In article <[EMAIL PROTECTED]>,
Nathan Miller  <[EMAIL PROTECTED]> wrote:
>At 11:48 AM 11/13/2001 +0000, you wrote:
>
>> >1.  A perl routine to convert octal -> hex   OR octal -> binary for use in
>> >md5 for comparing chap-password to digest.
>>
>># Octal to binary
>>$string =~ s/\\(\d\d\d)/sprintf("%c", oct $1)/ge;
>>
>># Binary to hex
>>$string =~ s/(.)/sprintf("%02X", ord $1)/ge;
>
>Mike,  thanks for the info.  I tried using these; however, about 50% of the 
>time it seems to not convert the data properly and therefore the 
>$chap-password and $digest do not match even if the password is 
>correct.  This would have been my preferred method as then nothing with 
>freeradius would have had to been modified, not even the dictionary 
>files... makes for easy upgrades. =)

Right.

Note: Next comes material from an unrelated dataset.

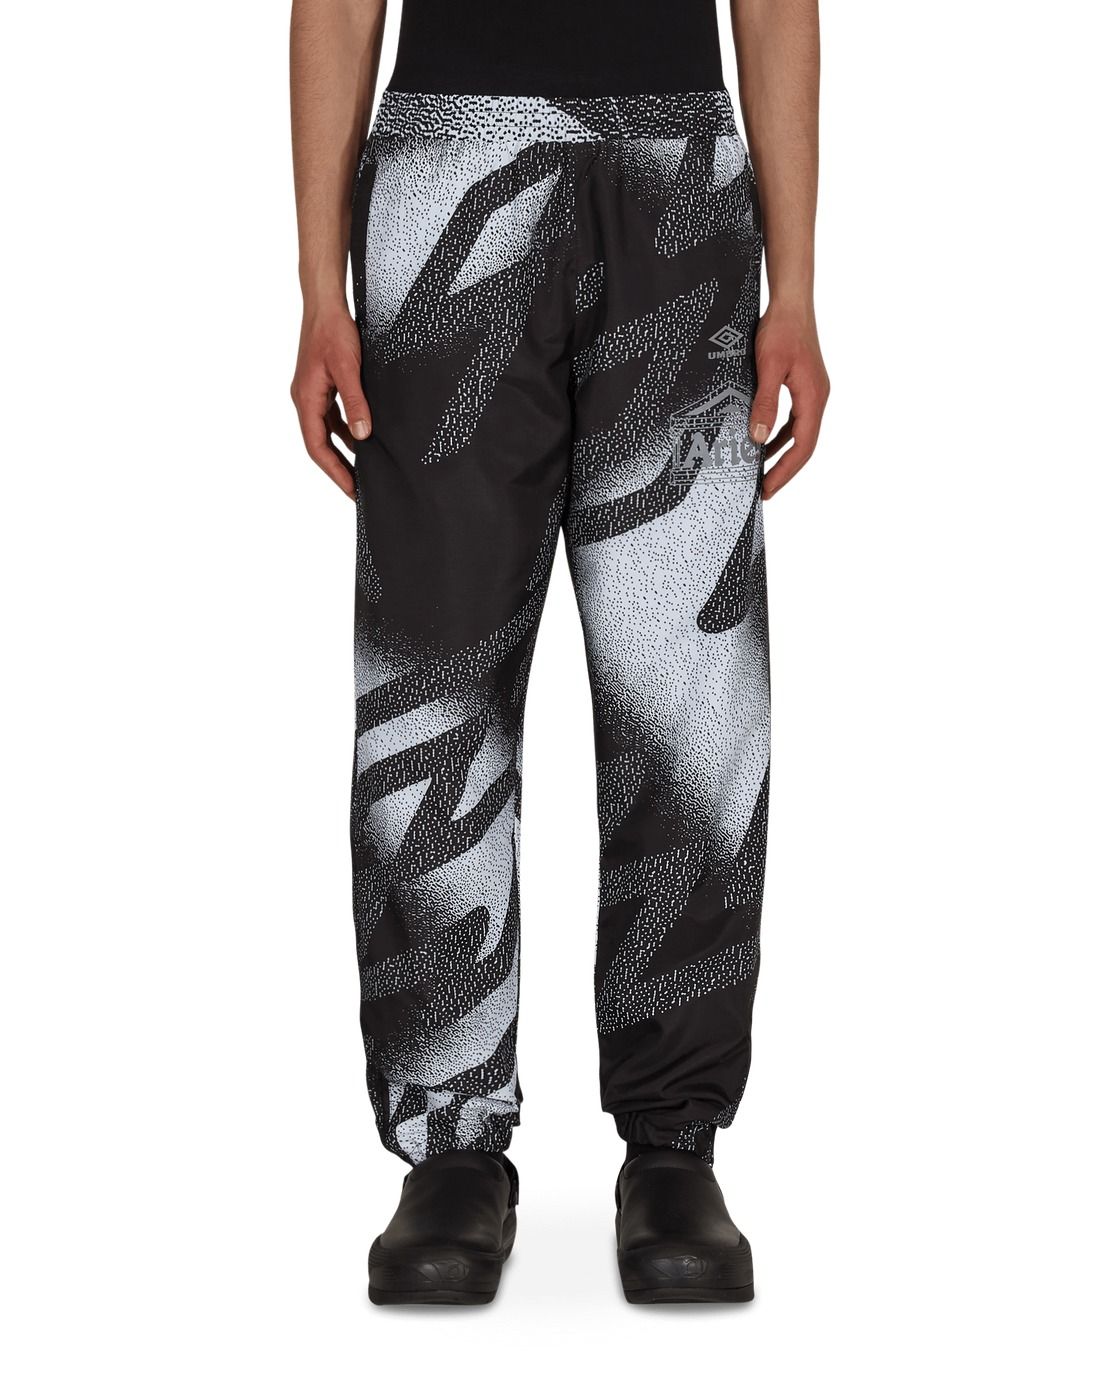 Aries Umbro Training Pants Black/White

I think I know why.

FreeRadius doesn't print out all non-printable characters as
\<octal> - it can also print \r, \n or \t for CR, LF and TAB.
Also \\ is used to indicate a backslash.

So you'd use something like this first:

# Process \\, \r, \t, \n, \"
%tr = ( '\\' => "\\", 'r' => "\r", 'n' => "\n", 't' => "\t", '"' => '"' );
$string =~ s/\\([\\rtn])/$tr{$1}/ge;

Now there's still a bug in FreeRadius in that it doesn't escape
double-quotes in a double-quoted string. librad_safeprint should
probably get an extra argument that indicates if double-quotes
should be escaped or not.

Even better, it should mean "double quote this string". If the
arg is true, librad_safeprint adds the outer quotes itself
and escapes double-quotes in the string. If the arg is false it
should at least escape spaces as well (" " => "\ ")

Or we drop the \\ \r \t \n \" \<space> special cases and
always use the octal versions for those characters.

Mike.
-- 
"Only two things are infinite, the universe and human stupidity,
 and I'm not sure about the former" -- Albert Einstein.